Similarly, in the event that the vessel is subjected to strong lateral ripples, winds or lateral displacement of cargo, the gyroscope detects its intense inclination towards its vertical axis and, in order to nullify it, the fin assemblies on the same side of the vessel receiving the ripples or other lateral forces, in relation to its vertical axis, rotate through the drive system, clockwise while at the same time the fin assemblies that are opposite to the side of the vessel that receives the lateral forces, rotate counterclockwise, resisting the forces and restoring the vessel to zero inclination.
When the craft receives both intense lateral forces and forces along its longitudinal axis, the gyroscope detects its inclination both in relation to the vertical axis and in relation to the longitudinal axis, and through the drive system of the assemblies of the fins, the fin assemblies which are opposite to the side of the vessel receiving the lateral forces rotate counterclockwise, in relation to the vertical axis of the vessel and the fin assemblies located on the same side of the vessel receiving the lateral forces rotate clockwise, in order to eliminate the inclination towards its vertical axis, while at the same time the fin assemblies rotate in parallel counterclockwise or clockwise in order to eliminate the 10 inclination of the longitudinal axis.
In one version of the invention an impact sensor is installed on the electronic controller that receives a load and consumption data feed from the engine of the vessel, monitoring if there is increased fuel consumption, and a speed and direction data feed from the GPS (38), of the vessel, monitoring for speed and constant changes in the direction of movement, which in turn gives a signal to the electronic controller (35), to rotate the fin assemblies (20) in such a way as to adjust, in the automatic selection, the inclination of the vessel in terms of pitching, achieving the optimal inclination, by weighing between the maximum speed for a lower fuel consumption and the minimum impact in the water for passengers' safety and comfort, by operator option.
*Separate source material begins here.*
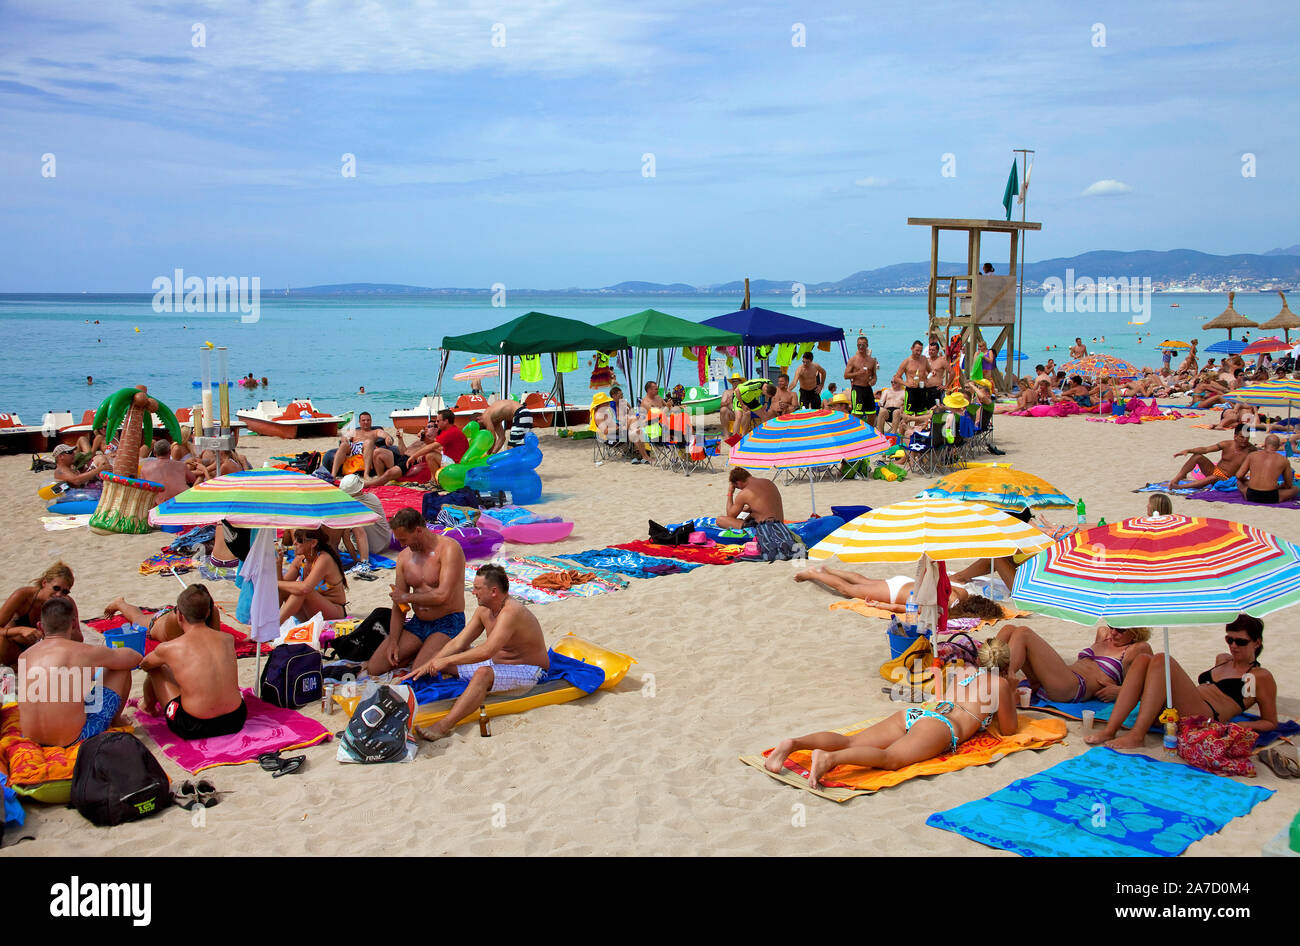 People at the beach Ballermann, Playa de Palma, El Arenal, Mallorca, Balearic islands, Spain Stock Photo
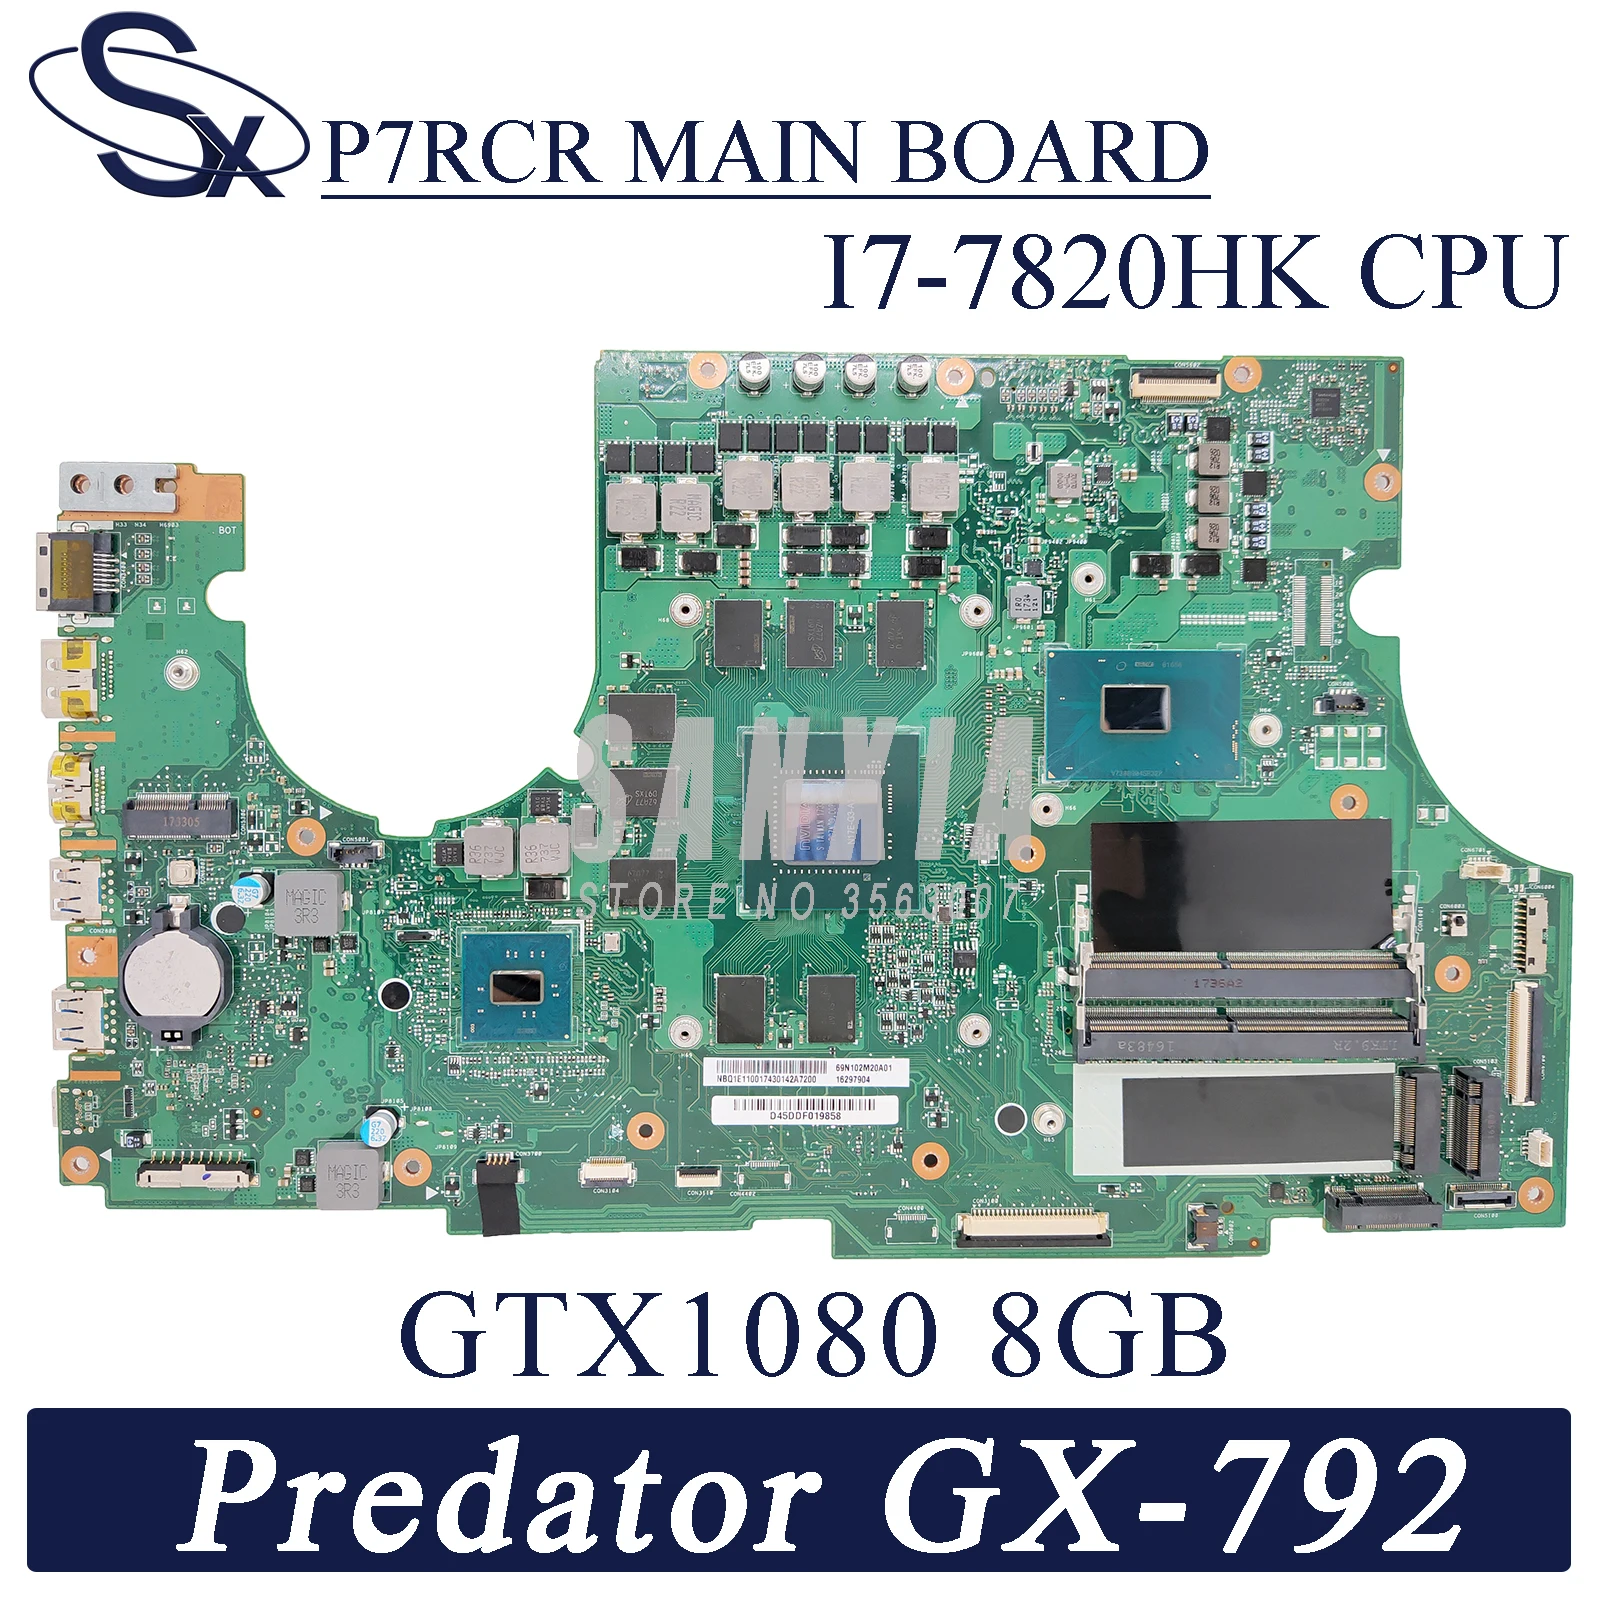 

KEFU P7RCR Laptop motherboard for Acer Predator 17 X GX-792 original mainboard Onboard I7-7820HK GTX1080-8GB

In the setting for the minimum impact of the vessel in the water, rotation (direction, degrees) of the fin assemblies is dictated, constantly maintaining the optimum inclination of the vessel, in each separate ripple and specifically when the vessel begins to rise towards the crest of a wave, by rotating counterclockwise the fin assemblies resulting in resistance to the water passing through them, thus lifting the stern and lowering the bow to cross the wave and when it begins to descend to the trough of the wave, by rotating clockwise the fin assemblies causing resistance to the water passing through them to the opposite direction, thus lowering the stern and lifting the bow, while in the setting for maximum speed yield, this operation is disabled.
The drive system of the fin assemblies consists of an oil pump and hydraulic piston cylinders or servo motors or hybrid servo motors or a different type drive system.
The electronic controller offers additional functions, such as starting the rotation of fin assemblies at predetermined degrees of inclination of the vessel, in determining the maximum inclination of the fin assemblies depending on the speed of the vessel, determining the response time to the tilt rotation of the fin assemblies, etc.
The placement of more individual fins in each fin assembly gives better control over the adjustment of the vessel's degrees, due to their greater resistance to water. Their number varies depending on the desired resistance.
The length, width, thickness, shape and material of construction of individual fins varies depending on the size and type of the vessel they are installed.
The connection type among the individual fins is also differentiated.
There is a setting in which the operator can choose, for a vessel turn, to keep his inclination zero in relation to its vertical axis throughout the turn, for stability, safety and a pleasant ride to the passengers, or has the option of making the turn with as short a radius as possible, for its fastest completion, by means of a special sensor, or alternatively to select the automatic setting, in which, through special sensors on the steering, and depending on its movements, the system responds accordingly by adjusting the turning radius.
In order to achieve a quick turn with a small radius, the fin assemblies on the opposite side of the turning direction, in relation to the vertical axis of the vessel, rotate counterclockwise and at the same time the fin assemblies that are on the same side with the turning direction rotate clockwise. To achieve a turn with zero rolling and a large radius, during which the inclination of the vessel in relation to its vertical axis is maintained to zero, the fin assemblies on the opposite side of the turning direction, in relation to the vertical axis of the vessel, rotate clockwise and at the same time the fin assemblies that are on the same side with the turning direction rotate counterclockwise.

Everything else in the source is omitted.